White Mile is a 1994 American made-for-television thriller-drama film directed by Robert Butler and starring Alan Alda, Peter Gallagher and Robert Loggia. It originally premiered on HBO on May 21, 1994.

== Plot summary ==
Dan Cutler, the head of an advertising agency, invites his colleagues to a whitewater rafting trip. The invitation feels more like an order to some of the executives, one of whom is decidedly fearful about going on the trip; Cutler considers the outing to be a test of his employees' confidence, courage and skills, and a way for them to regain their business swagger and confidence. Retired agency executive Nick Karas is a last minute addition; Cutler wants him to help secure some clients, and Nick believes that it is a simple fishing trip.

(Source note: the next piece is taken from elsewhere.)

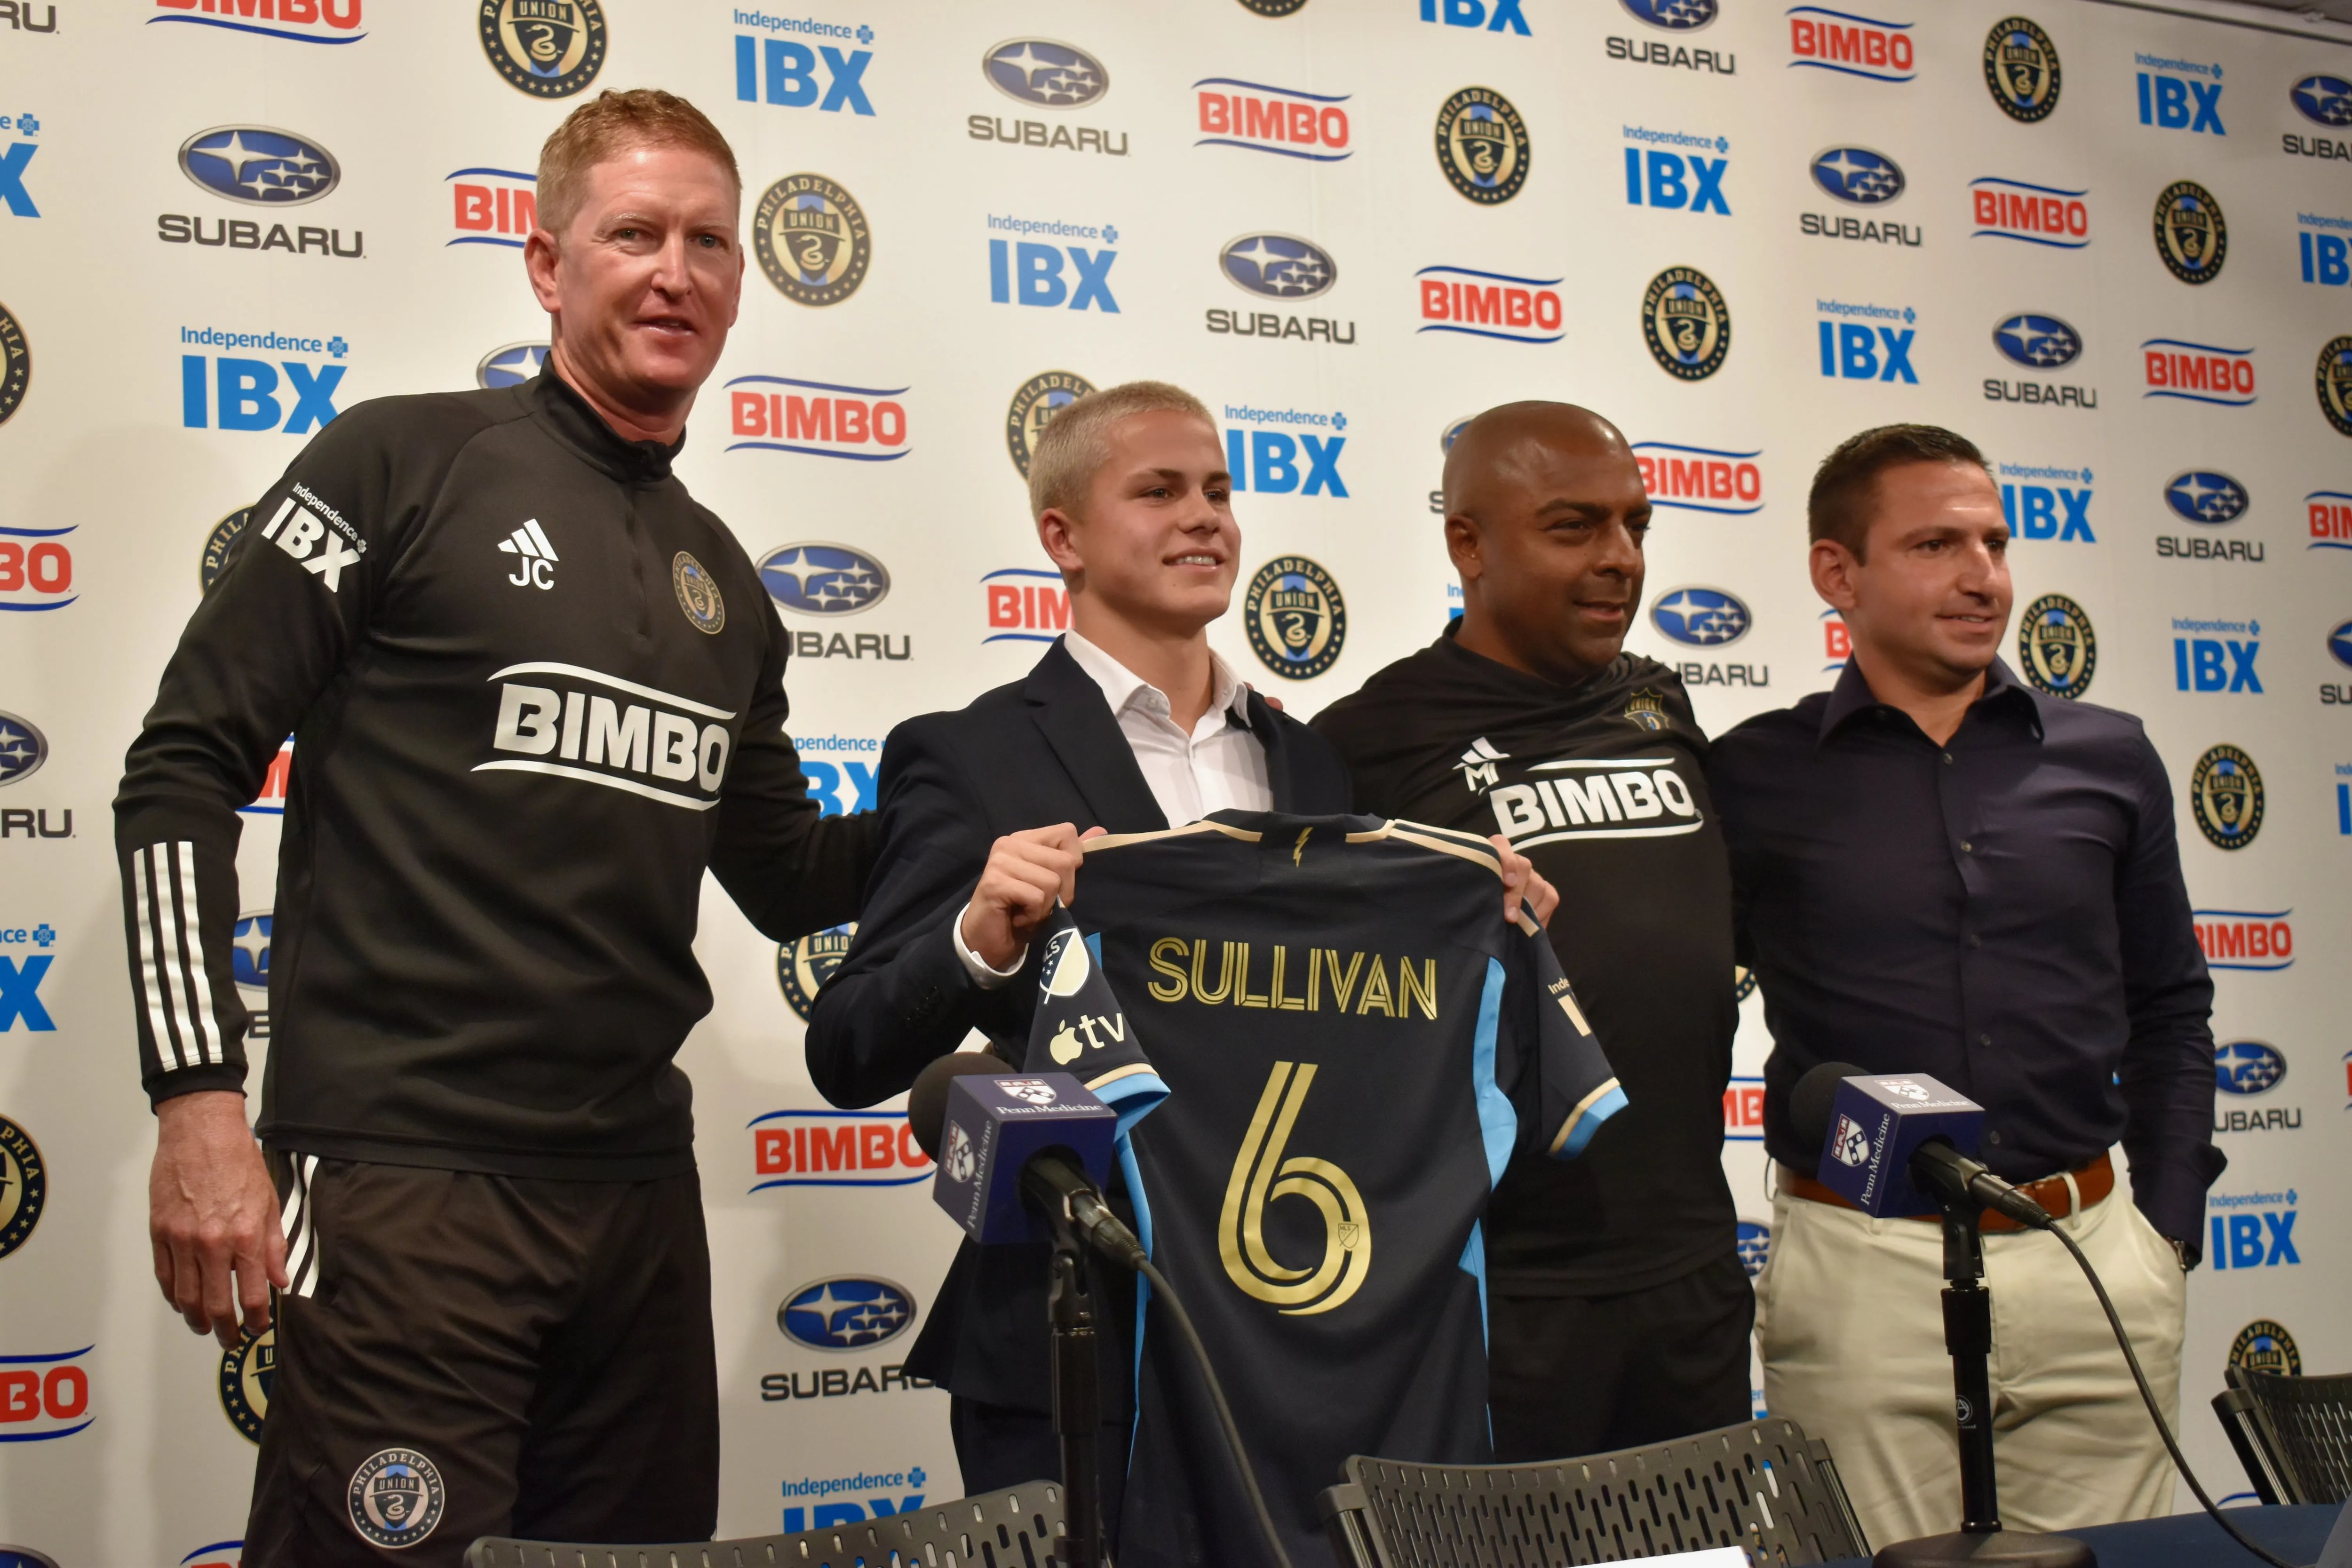 From left to right: Union manager Jim Curtin, Cavan Sullivan, reserve team coach Marlon LeBlanc, and academy director Jon Scheer pose for a photo as Sullivan holds up his new No. 6 jersey after a news conference Thursday at Subaru Park.
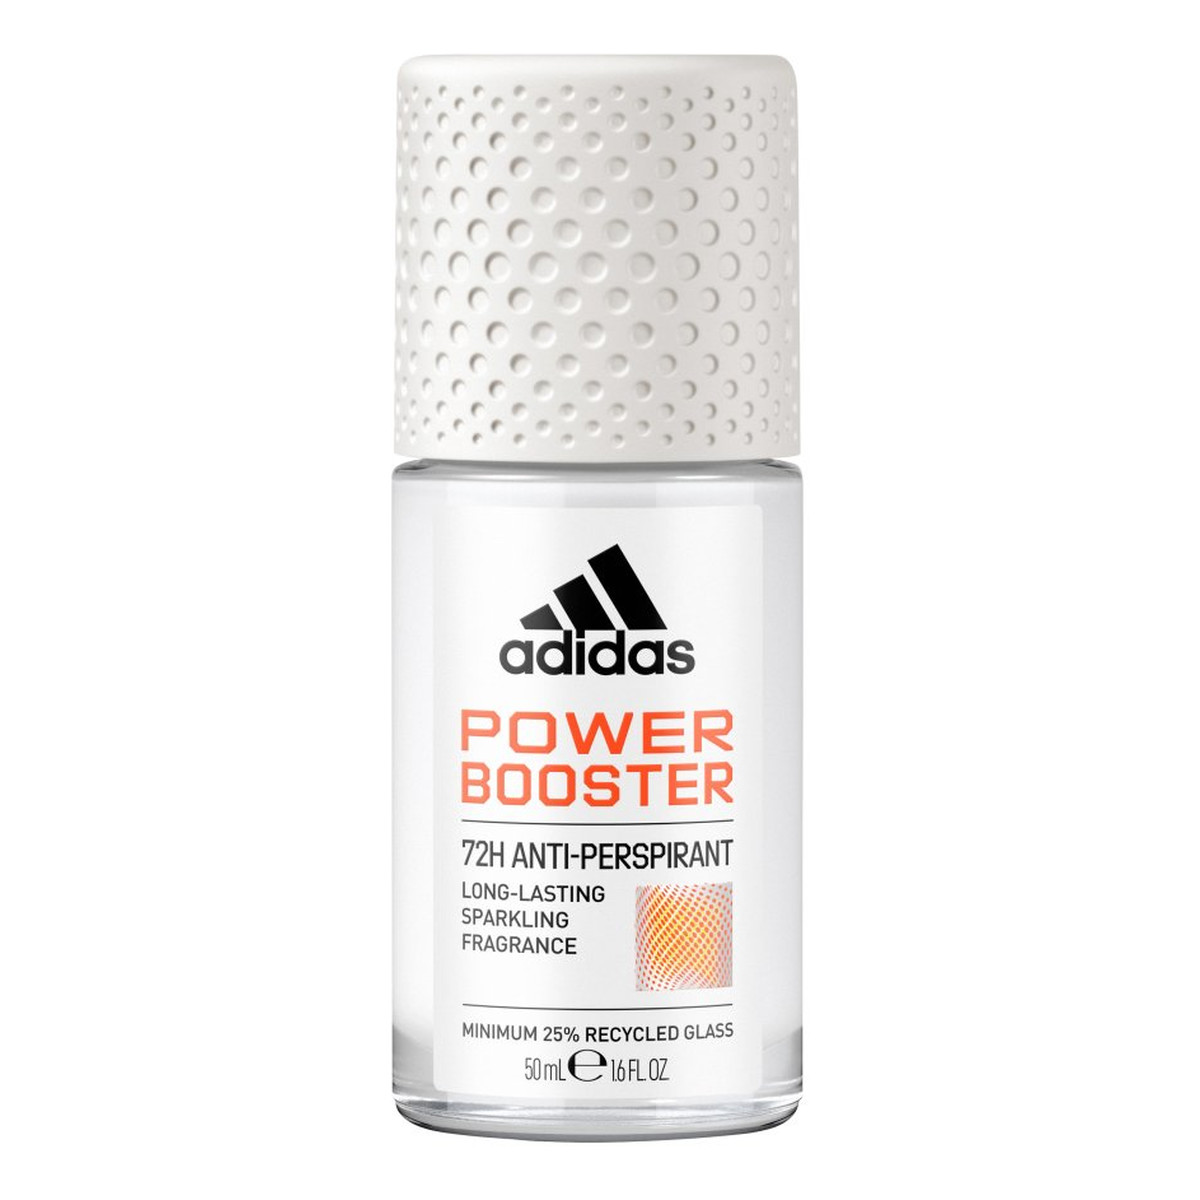 Adidas Power Booster Antyperspirant Roll-on 72H 50ml

Tragedy occurs along Canada's "White Mile," when the inflatable carrying the large group capsizes, and all are swept away by the raging current. Two agency executives, retiree Nick Karas and two clients die. Later, Cutler becomes at odds with Jack Robbins, one of his top executives, over how the aftermath should be portrayed to authorities and to relatives who are suing the company.

== Cast ==
- Alan Alda as Dan Cutler
- Peter Gallagher as Jack Robbins
- Robert Loggia as Nick Karas
- Bruce Altman as David Koenig
- Fionnula Flanagan as Gena Karas
- Jack Gilpin as Peter Wiederhorn
- Ken Jenkins as Jerry Taggart
- Dakin Matthews as Andy Thornell
- Don McManus as Art Stefanoff
- Robert Picardo as Tom Horton
- Max Wright as Bill Spencer
- Brian Markinson as Marty Rosenstock
- Eric Magneson as Ed Miller
- Ken Thorley as Coroner Costello
- Rebecca Glenn as Diane Koenig
- Alice Barden as Stephanie
- Brett Porter as Mr. Bechdel
- Dan Kern as the Judge
- Ben Sparks as John McAlpine
- Jacqueline Kim as Michelle Stefanoff
- Gina Ravera as Alma
- Robin Goodrin Nordli as Leila

== Background==
The film is loosely based on a rafting accident, on August 1, 1987, on the White Mile rapids in the Bidwell Canyon section of the Chilko River, in the Central Interior of British Columbia, Canada. Current and retired executives of Chicago agency DDB Needham (DDB), along with clients from Kraft, Clorox, Procter & Gamble (P&G), Drug Free America Foundation (DFAF) and other major companies, were involved in the incident. Actor Robert Loggia's character, Nick Karas, likely represents the real James Fasules, a retired DDB Needham executive who drowned in the river. Alan Alda's "hard-driving ad agency president," Dan Cutler, who's also responsible for initiating and organizing the wilderness excursion, is plainly modeled on the then-DDB Needham President Al Wolfe.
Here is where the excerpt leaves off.